Let $y_0$ be the solution for differential equation $y'=ky$, where $y_0(0)=1$. What is the solution $y_1$ of differential equation, when $y_1(a)=b$?
Express function $y_1$ with function $y_0$:
$$y_1(x)= \underline~\underline~\underline~\underline~ \cdot y_0(~\underline~\underline~\underline~\underline~~)$$
I don't know where to start to solve this one, please help?
Note: the empty space "$\underline~\underline~\underline~\underline~$" is for the answer.
The way this problem is written is very confusing.
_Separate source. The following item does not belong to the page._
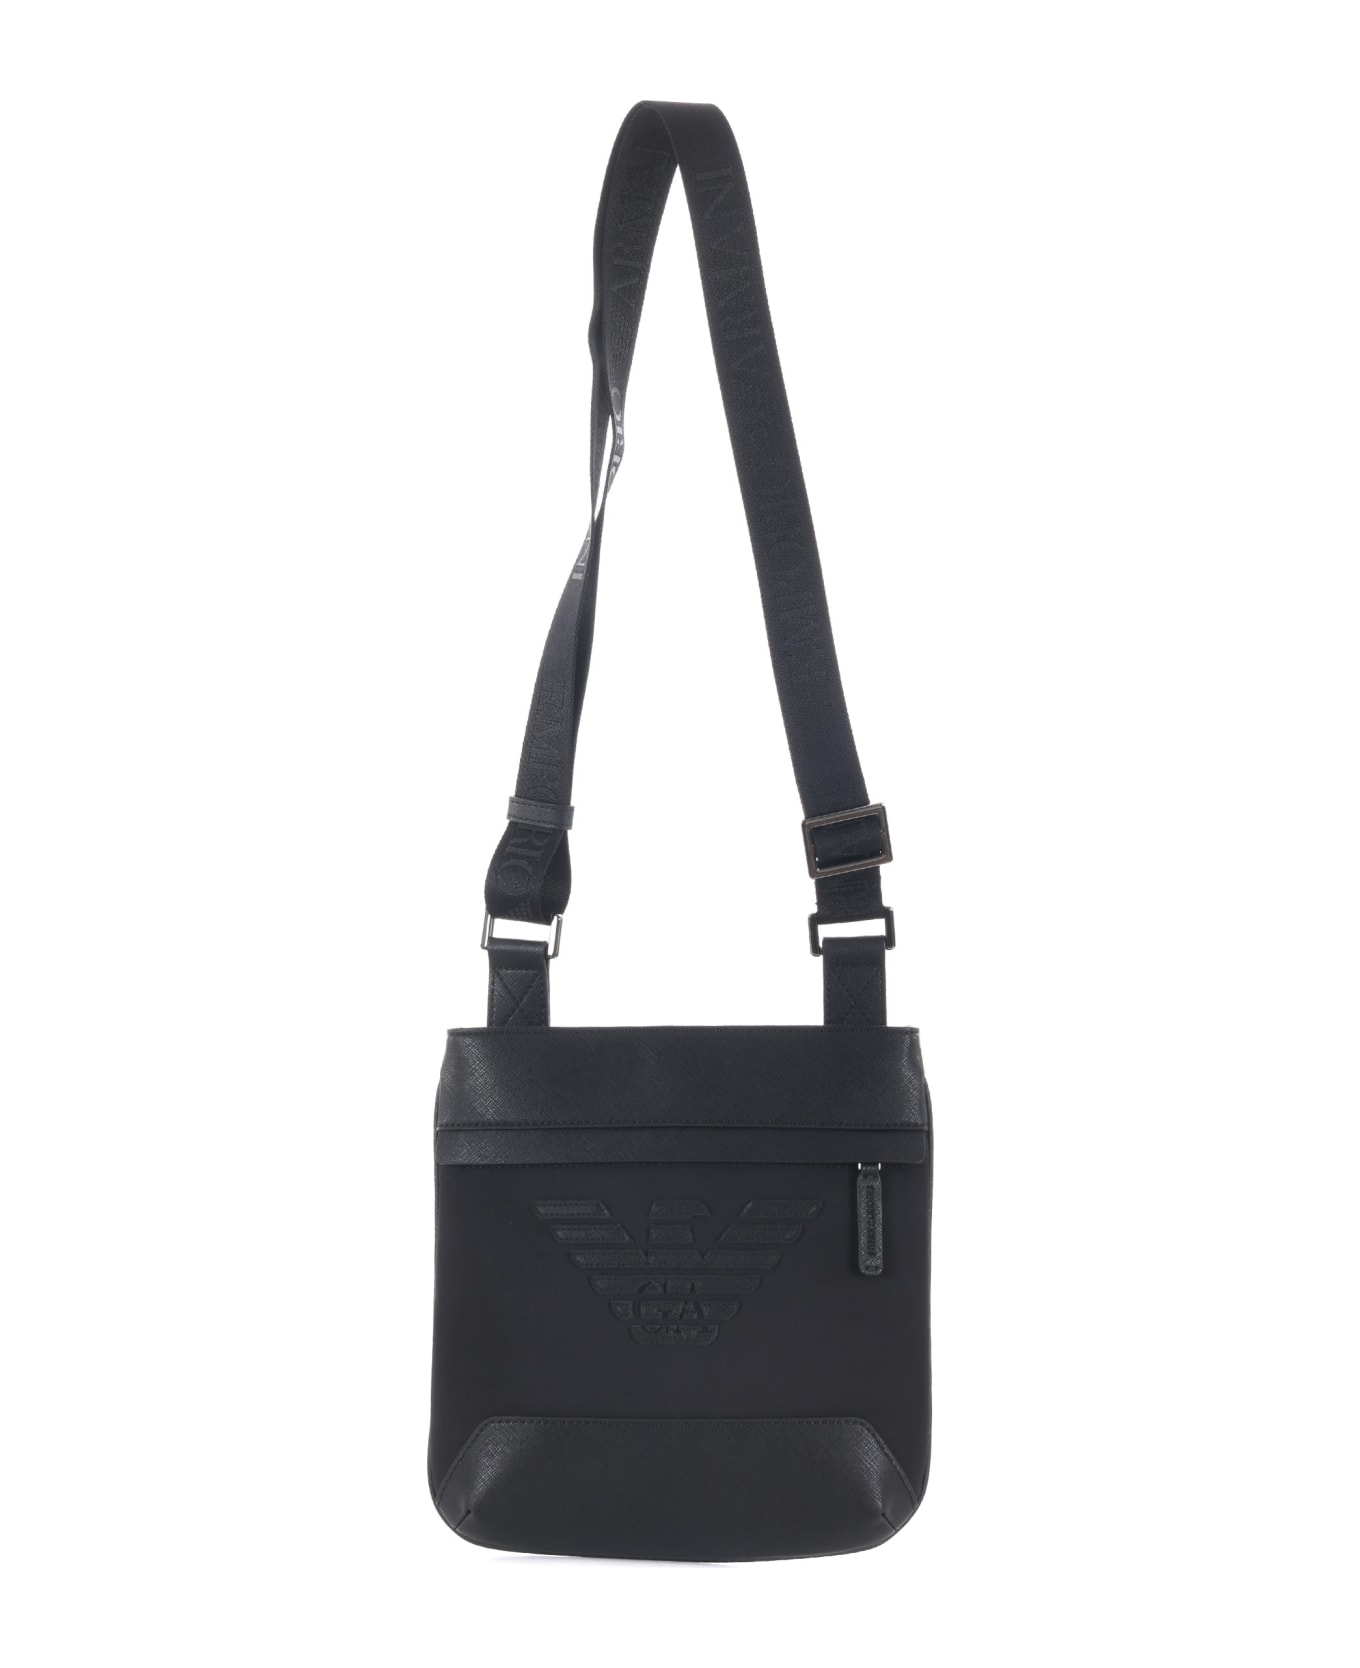 Emporio Armani Shoulder Bag From The 'sustainable' Collection - Black

We have the Separable Equation and can solve
$$\displaystyle \int \dfrac{1}{y}~dy = \int k~dx \implies y(x) = c_1e^{k x}$$
At the first initial condition, it seems like they want to call this solution $y_0(x)$, we have
$$y_0(0) = c_1 e^{k \times 0} = c_1 e^0 = c_1 = 1 \implies y_0(x) = e^{k x}$$
At a second initial condition, it seems like they want to call this solution $y_1(x)$, we have
$$y_1(a) = c_1 e^{k \times a} = b \implies c_1 = be^{-ka} \implies y_1(x) = be^{-ka}e^{k x}$$
Now, we have
$$y_1(x) = be^{-ka}e^{k x} = be^{-ka} y_0(x)$$
Update
It is entirely possible that they wanted this alternate representation
$$y_1(x)=b·y_0(x-a)$$